“Where entertainment and opinion reign, and objectivity has left the building.”

True Enough: Learning to live in a Post-Fact Society by Farhad Manjoo is quite an interesting book. It opens your eyes to see and notice the world in a way that you’d never expect to see it.

If you thought that you were confused before, wait until you read this book.
After reading True Enough, I didn’t know what to believe anymore. There I was sheltered in my safe little bubble and Manjoo stuck his finger out and popped it. Now, I’m bare to the harshness of the world with skepticism of what I am to believe.

Manjoo finds that facts are actually not what determine our belief systems. With the development of technology, everyone can publish and be heard (like this blog, I’m entitled to my “facts”) but it’s up to you as the reader to determine what you want to believe. And it is not doubt that everyone can find people who, like them, believe in the same ideology as they do.

He cites numerous studies to weave a solid argument — that many of us have made for a long time but didn’t have the actual documentation — that people increasingly see truth as what they already believe and in this increasingly fragmented media age with many “mass media” outlets in trouble people consciously and unconsciously choose media sources according to their existing beliefs. But it isn’t just that: he underscores how these perceptions involve very different perceptions of reality.

“Americans aren’t turning off the news. What is changing, to no one’s surprise, is where people are getting their information.”

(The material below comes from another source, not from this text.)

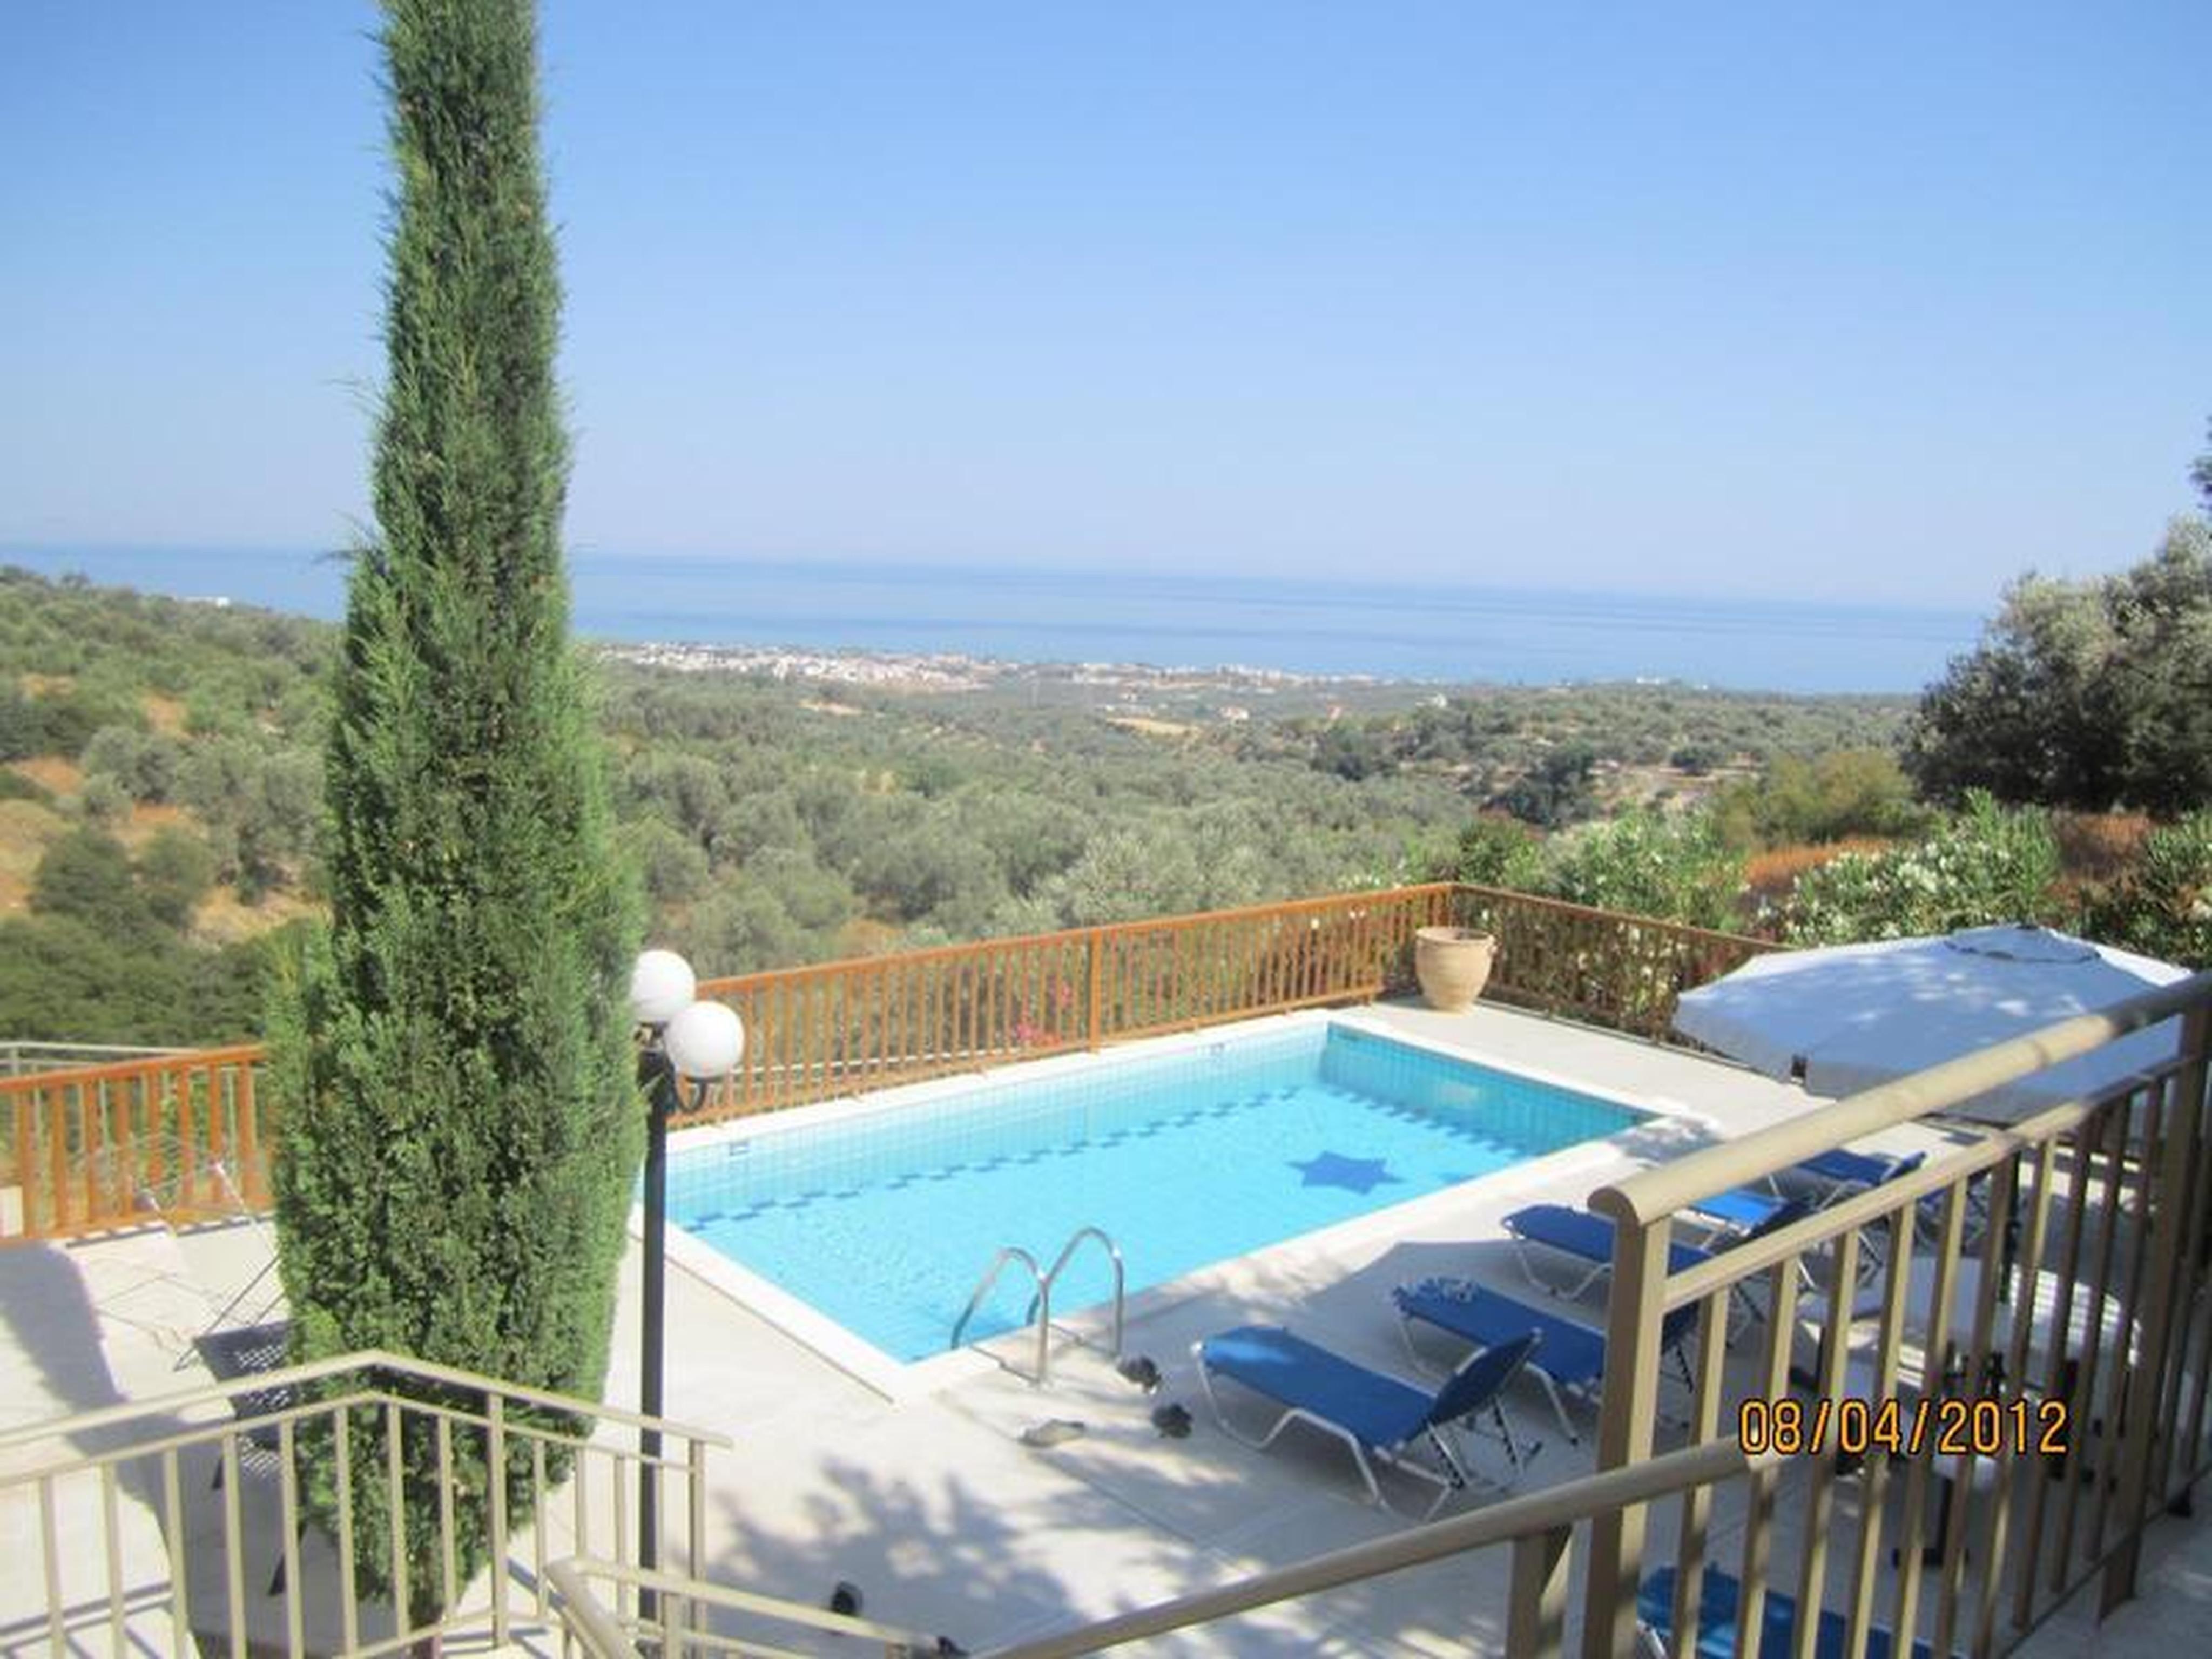 Schones Ferienhaus fur 10 Personen, mit Pool Villa  Kreta

The media owners and executives are very well aware of these psychological phenomena. In our society, different groups of people are served by different types of media. And they are taking advantage of this phenomenon. Biased assimilation says that people tend to interpret and understand new information in a way that accords with their own views.
It is becoming more difficult than ever to distinguish facts from fabrications, be they intentional or not; and the book leaves us none the wiser in this respect. However, it does address deep and important questions about the society we live in as well as about the ways we consume information. Perhaps more importantly, it shines some light on the process through which information is gathered and eventually delivered for our viewing. No matter what your political views are, this book is an essential read for any observer of politics, the media and international affairs
And that’s truth and a fact…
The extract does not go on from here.